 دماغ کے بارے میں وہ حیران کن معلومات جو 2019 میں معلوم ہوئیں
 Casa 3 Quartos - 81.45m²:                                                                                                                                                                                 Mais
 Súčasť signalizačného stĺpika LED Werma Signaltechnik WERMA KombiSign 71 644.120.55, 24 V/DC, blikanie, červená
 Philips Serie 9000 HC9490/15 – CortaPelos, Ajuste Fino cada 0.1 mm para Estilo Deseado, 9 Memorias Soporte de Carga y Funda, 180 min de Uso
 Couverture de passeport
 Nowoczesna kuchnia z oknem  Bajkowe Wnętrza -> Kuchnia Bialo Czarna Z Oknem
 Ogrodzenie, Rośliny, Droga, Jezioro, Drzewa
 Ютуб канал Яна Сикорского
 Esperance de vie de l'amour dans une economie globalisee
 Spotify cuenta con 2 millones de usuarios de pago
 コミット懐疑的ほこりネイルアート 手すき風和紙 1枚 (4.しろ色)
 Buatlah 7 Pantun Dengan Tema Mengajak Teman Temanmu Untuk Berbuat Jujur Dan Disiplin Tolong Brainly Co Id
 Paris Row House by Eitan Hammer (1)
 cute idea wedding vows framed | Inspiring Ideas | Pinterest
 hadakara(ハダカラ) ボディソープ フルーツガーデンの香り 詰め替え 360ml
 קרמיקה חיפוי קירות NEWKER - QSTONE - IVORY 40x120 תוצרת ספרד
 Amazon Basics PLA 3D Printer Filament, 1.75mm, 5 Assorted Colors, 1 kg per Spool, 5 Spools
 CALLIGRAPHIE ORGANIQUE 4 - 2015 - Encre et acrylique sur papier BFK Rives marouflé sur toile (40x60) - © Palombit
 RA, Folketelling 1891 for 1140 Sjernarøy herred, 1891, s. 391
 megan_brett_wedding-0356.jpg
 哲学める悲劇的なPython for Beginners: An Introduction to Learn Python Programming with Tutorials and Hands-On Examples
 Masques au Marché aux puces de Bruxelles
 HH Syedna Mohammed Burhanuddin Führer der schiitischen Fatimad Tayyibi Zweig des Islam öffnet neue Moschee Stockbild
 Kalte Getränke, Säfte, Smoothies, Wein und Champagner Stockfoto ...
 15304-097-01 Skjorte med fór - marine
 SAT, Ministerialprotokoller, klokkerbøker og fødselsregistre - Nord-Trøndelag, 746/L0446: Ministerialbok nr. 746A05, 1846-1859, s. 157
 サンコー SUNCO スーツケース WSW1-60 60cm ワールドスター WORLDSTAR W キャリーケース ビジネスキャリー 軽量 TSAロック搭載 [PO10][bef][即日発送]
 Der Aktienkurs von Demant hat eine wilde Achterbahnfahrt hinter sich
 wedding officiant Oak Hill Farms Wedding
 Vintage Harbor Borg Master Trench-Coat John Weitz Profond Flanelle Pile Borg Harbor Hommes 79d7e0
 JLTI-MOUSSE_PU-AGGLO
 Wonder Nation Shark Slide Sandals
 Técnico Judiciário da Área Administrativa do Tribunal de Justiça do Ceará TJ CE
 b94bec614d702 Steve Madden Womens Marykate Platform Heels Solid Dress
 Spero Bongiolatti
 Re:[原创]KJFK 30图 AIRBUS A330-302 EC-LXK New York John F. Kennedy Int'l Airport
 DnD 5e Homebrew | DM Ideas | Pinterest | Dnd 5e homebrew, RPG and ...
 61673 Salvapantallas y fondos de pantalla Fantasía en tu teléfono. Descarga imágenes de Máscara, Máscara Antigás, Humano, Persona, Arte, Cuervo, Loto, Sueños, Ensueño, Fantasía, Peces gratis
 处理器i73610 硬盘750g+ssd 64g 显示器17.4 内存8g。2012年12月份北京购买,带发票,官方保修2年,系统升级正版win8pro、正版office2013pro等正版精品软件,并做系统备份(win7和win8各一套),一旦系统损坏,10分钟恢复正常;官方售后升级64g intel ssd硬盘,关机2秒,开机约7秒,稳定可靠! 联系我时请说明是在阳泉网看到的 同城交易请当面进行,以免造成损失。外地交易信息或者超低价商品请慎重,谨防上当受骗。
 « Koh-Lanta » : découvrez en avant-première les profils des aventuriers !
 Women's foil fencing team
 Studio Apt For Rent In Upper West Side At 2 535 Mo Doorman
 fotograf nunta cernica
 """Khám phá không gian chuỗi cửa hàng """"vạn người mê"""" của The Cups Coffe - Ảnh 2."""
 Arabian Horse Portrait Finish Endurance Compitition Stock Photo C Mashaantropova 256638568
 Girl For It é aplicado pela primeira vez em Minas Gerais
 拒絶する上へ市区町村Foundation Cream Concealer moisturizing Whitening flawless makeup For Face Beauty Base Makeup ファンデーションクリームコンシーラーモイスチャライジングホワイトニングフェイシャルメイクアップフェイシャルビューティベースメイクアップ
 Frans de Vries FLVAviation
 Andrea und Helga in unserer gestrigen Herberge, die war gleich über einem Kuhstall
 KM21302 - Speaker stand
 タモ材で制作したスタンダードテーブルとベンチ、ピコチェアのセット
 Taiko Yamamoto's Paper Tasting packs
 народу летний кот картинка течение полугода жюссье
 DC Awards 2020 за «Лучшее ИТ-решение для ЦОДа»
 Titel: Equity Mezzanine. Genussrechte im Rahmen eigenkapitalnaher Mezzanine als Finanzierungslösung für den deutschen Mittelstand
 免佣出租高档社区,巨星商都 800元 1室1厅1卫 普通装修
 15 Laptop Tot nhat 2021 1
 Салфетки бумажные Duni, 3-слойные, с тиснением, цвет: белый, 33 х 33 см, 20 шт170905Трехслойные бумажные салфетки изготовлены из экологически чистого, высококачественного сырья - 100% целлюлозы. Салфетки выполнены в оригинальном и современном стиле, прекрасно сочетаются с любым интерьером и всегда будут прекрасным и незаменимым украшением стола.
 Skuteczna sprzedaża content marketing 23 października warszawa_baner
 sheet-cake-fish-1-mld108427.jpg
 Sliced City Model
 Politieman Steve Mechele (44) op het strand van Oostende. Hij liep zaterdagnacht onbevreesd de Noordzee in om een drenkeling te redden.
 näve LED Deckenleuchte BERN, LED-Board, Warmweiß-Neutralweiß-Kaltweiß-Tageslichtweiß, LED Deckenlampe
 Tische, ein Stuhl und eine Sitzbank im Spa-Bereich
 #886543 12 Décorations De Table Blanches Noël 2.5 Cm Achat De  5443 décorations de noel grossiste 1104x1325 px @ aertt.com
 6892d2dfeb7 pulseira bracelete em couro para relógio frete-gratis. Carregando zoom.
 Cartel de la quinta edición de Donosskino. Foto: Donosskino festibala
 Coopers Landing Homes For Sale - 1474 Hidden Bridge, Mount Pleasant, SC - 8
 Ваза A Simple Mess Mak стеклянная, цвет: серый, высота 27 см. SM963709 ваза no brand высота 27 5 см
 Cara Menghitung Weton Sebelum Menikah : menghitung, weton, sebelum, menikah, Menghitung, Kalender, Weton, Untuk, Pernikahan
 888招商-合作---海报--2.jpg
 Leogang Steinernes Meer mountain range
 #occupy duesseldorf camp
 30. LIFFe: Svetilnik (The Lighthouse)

WHAT TO PRODUCE:
Search term "Untuk": return each line of the data that contains it.

EXPECTED ANSWER:
 Buatlah 7 Pantun Dengan Tema Mengajak Teman Temanmu Untuk Berbuat Jujur Dan Disiplin Tolong Brainly Co Id
 Cara Menghitung Weton Sebelum Menikah : menghitung, weton, sebelum, menikah, Menghitung, Kalender, Weton, Untuk, Pernikahan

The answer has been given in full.